**Directions**
Copy every line of the data below exactly as given, except for the pictures.

**Information shown**

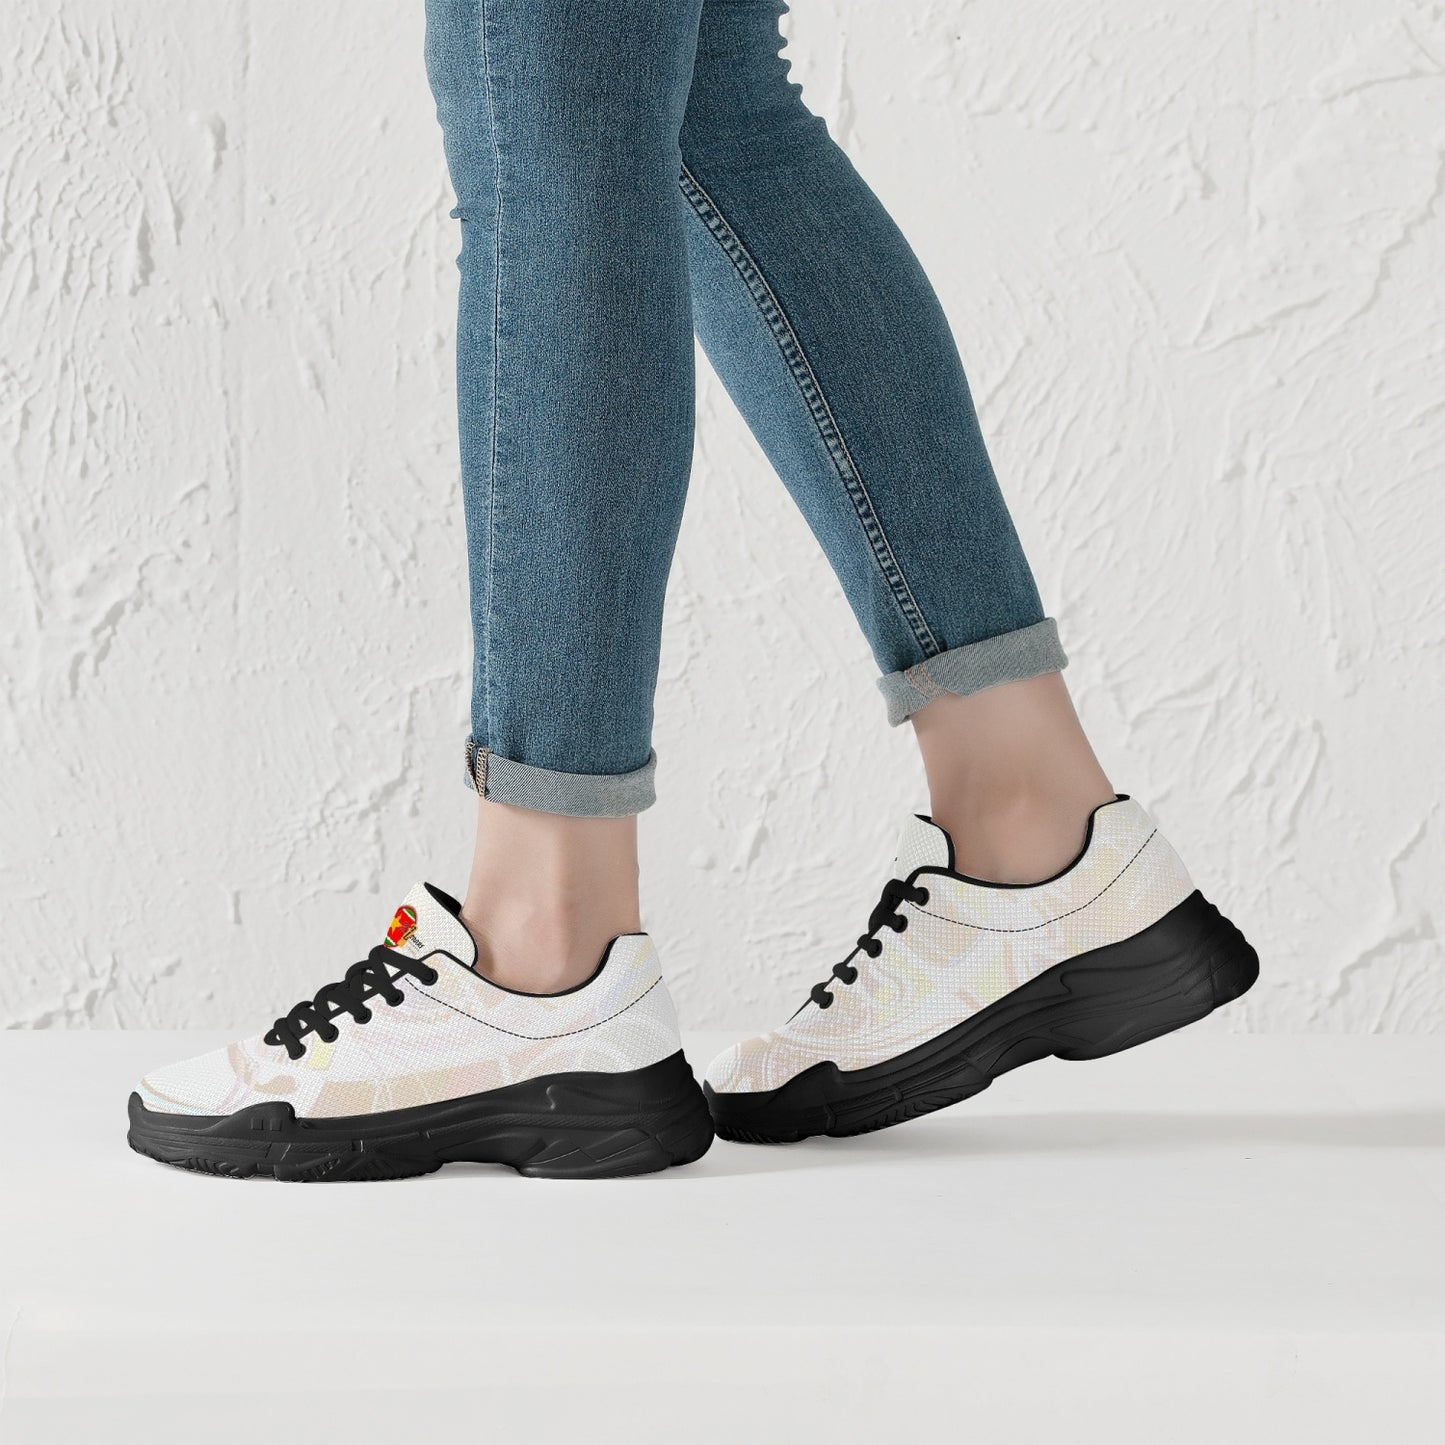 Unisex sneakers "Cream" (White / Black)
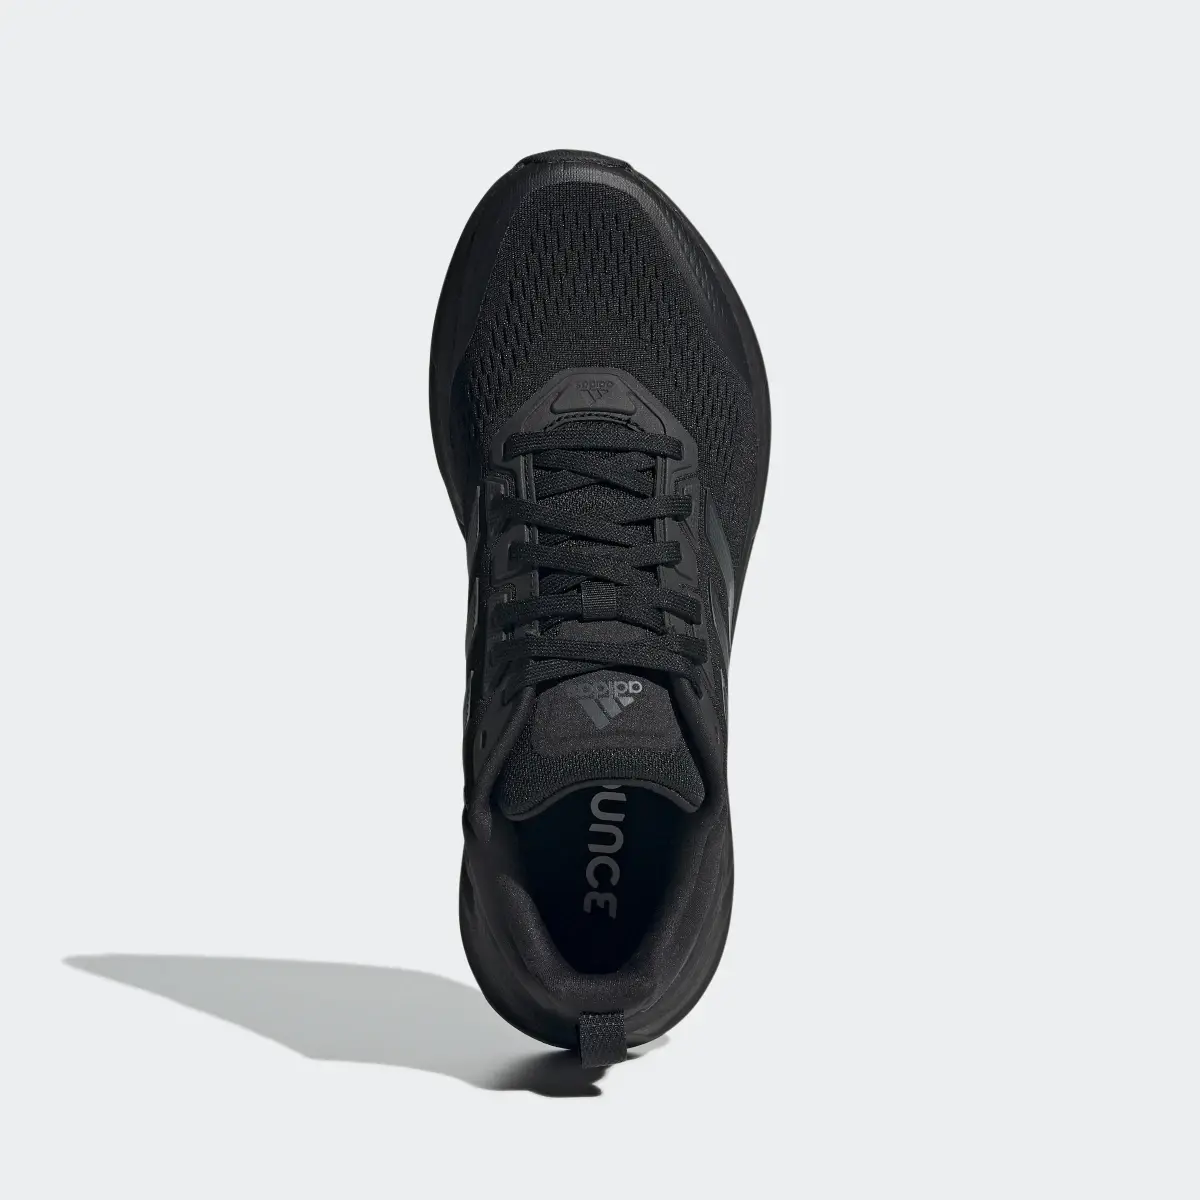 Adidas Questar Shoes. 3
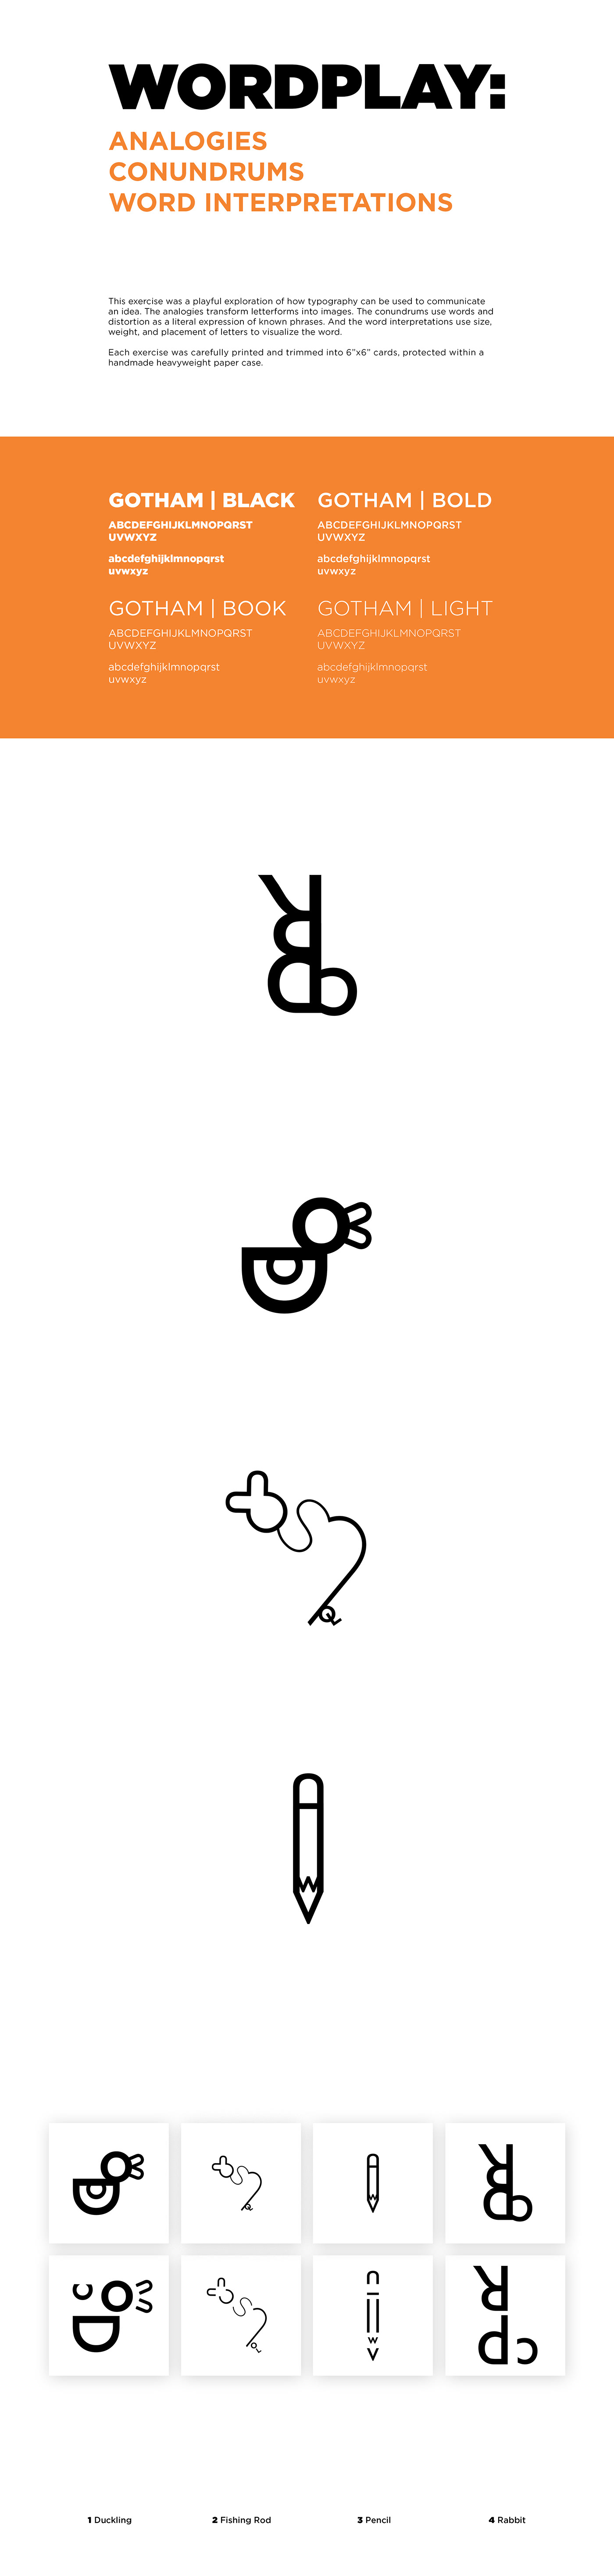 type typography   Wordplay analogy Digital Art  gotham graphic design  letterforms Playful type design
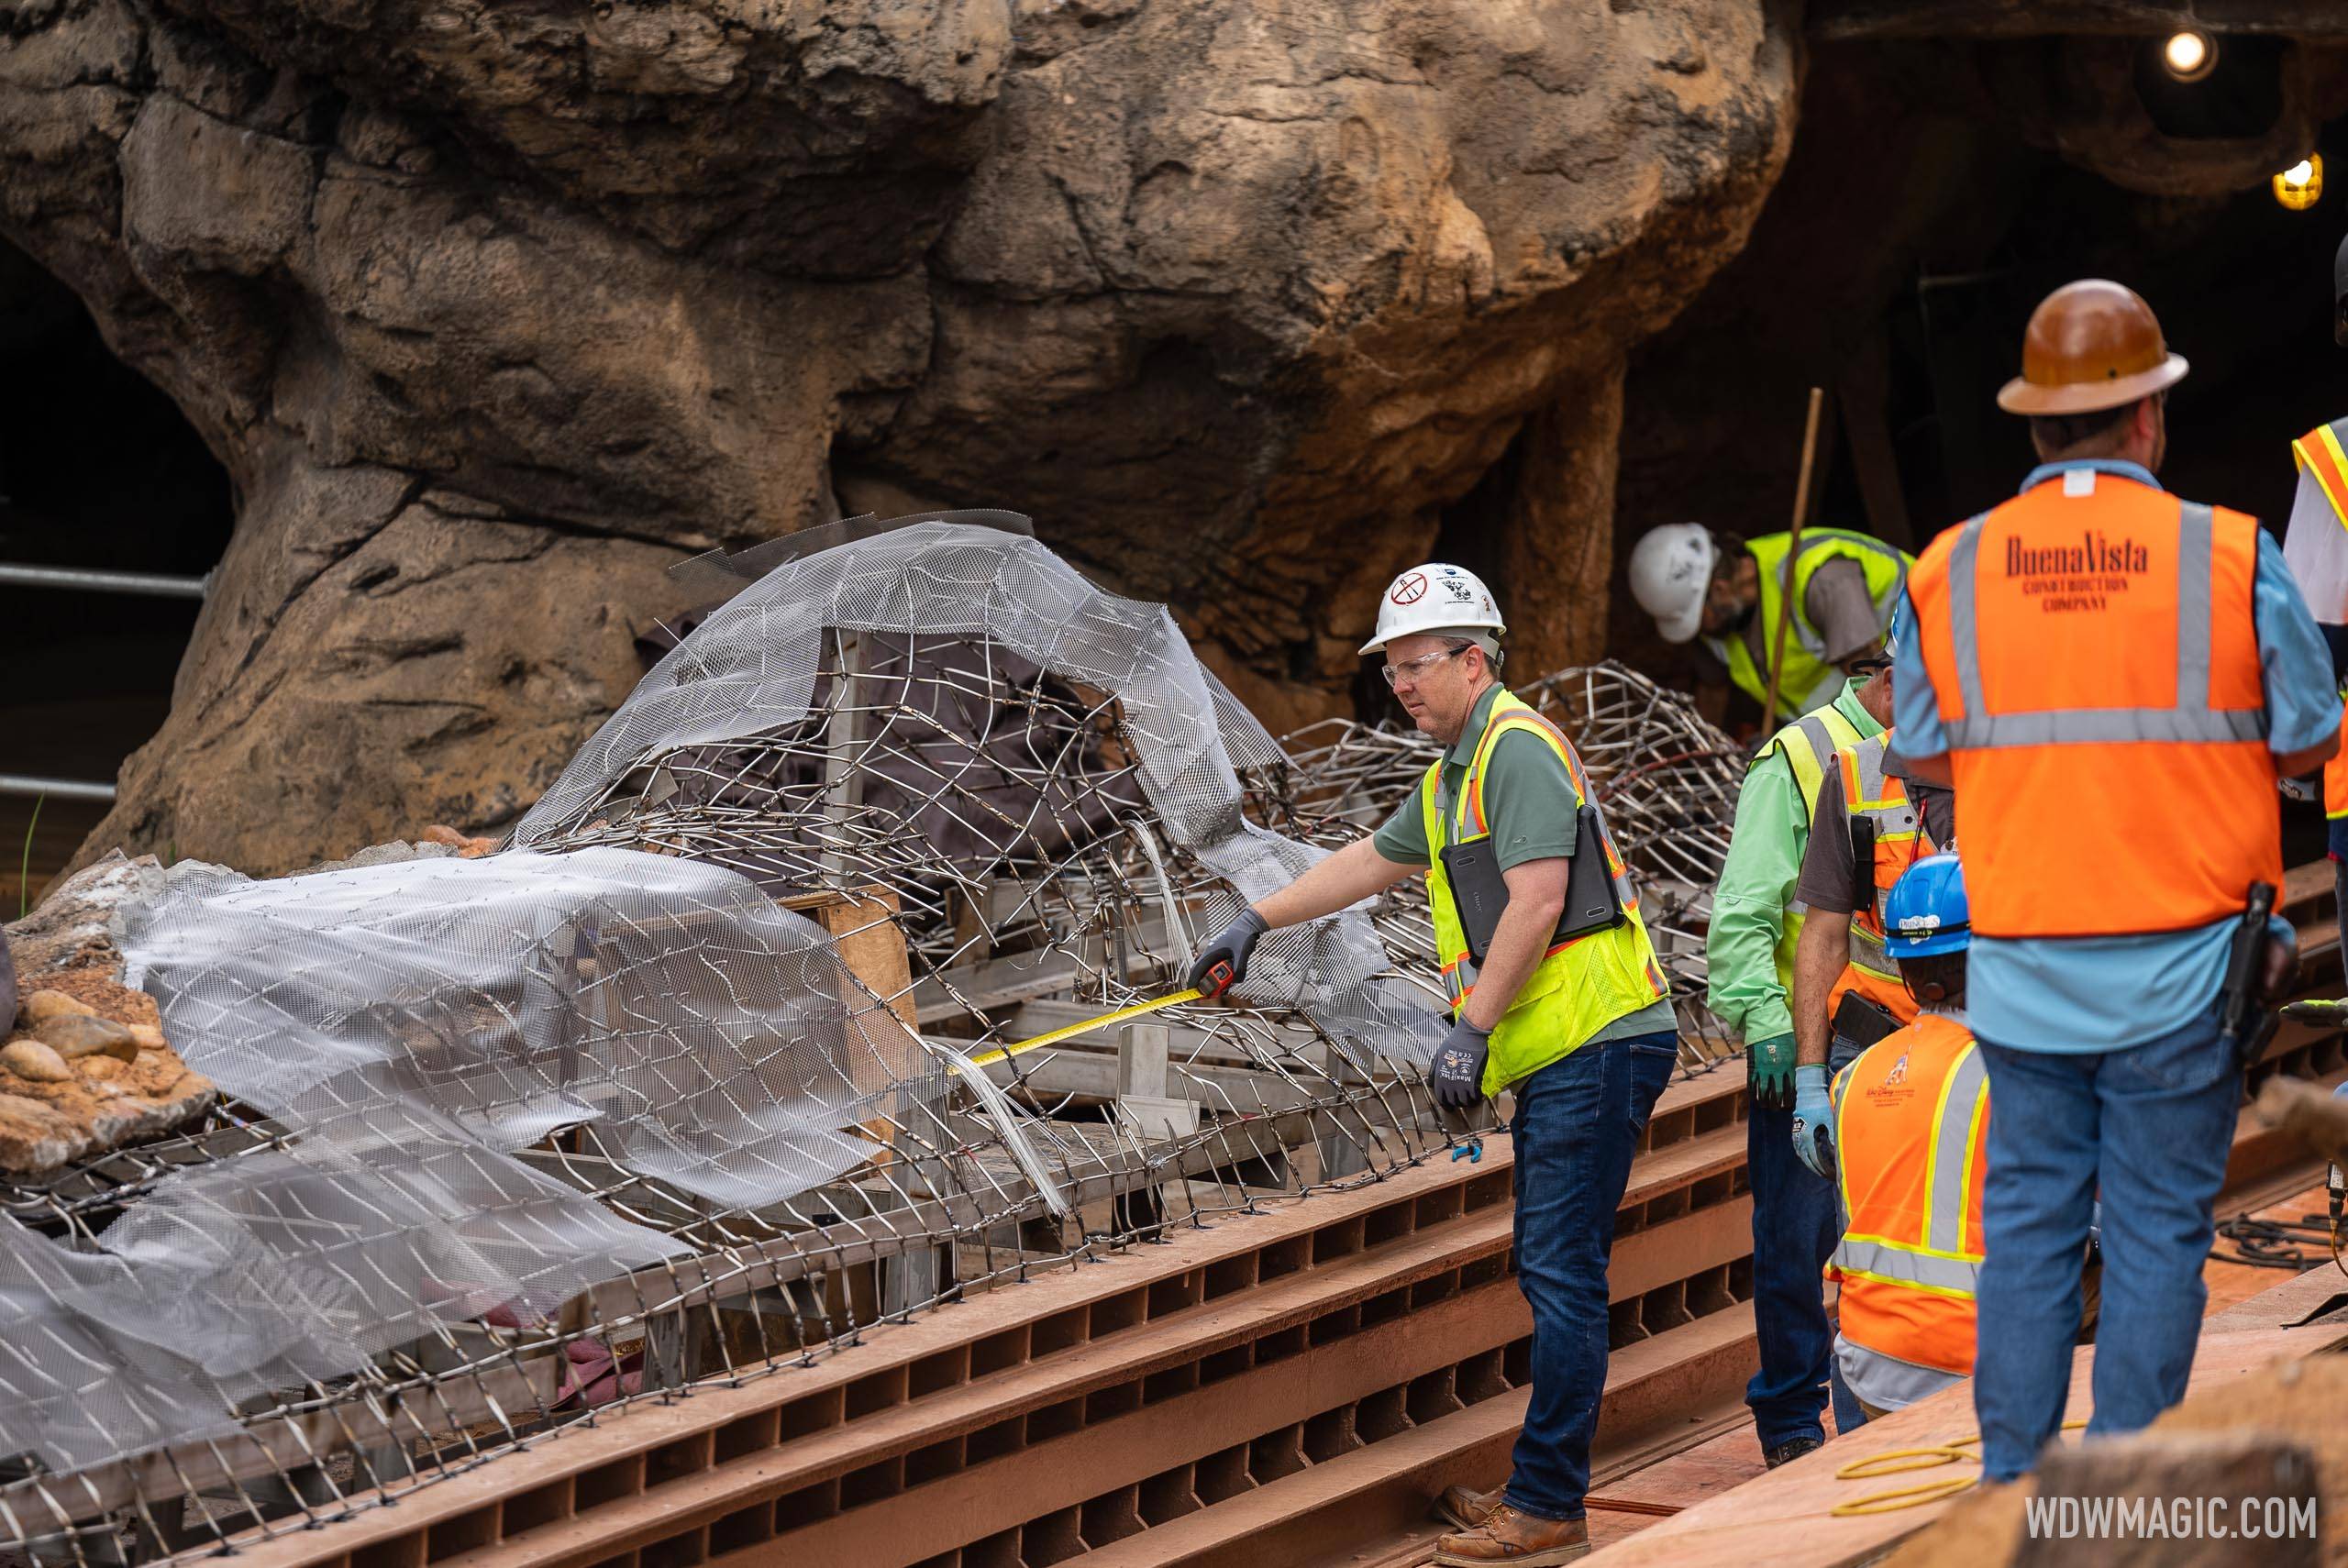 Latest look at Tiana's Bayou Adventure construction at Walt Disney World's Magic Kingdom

**Written response**
 Unisex sneakers "Cream" (White / Black)
 Adidas Questar Shoes. 3
 type typography   Wordplay analogy Digital Art  gotham graphic design  letterforms Playful type design
 Latest look at Tiana's Bayou Adventure construction at Walt Disney World's Magic Kingdom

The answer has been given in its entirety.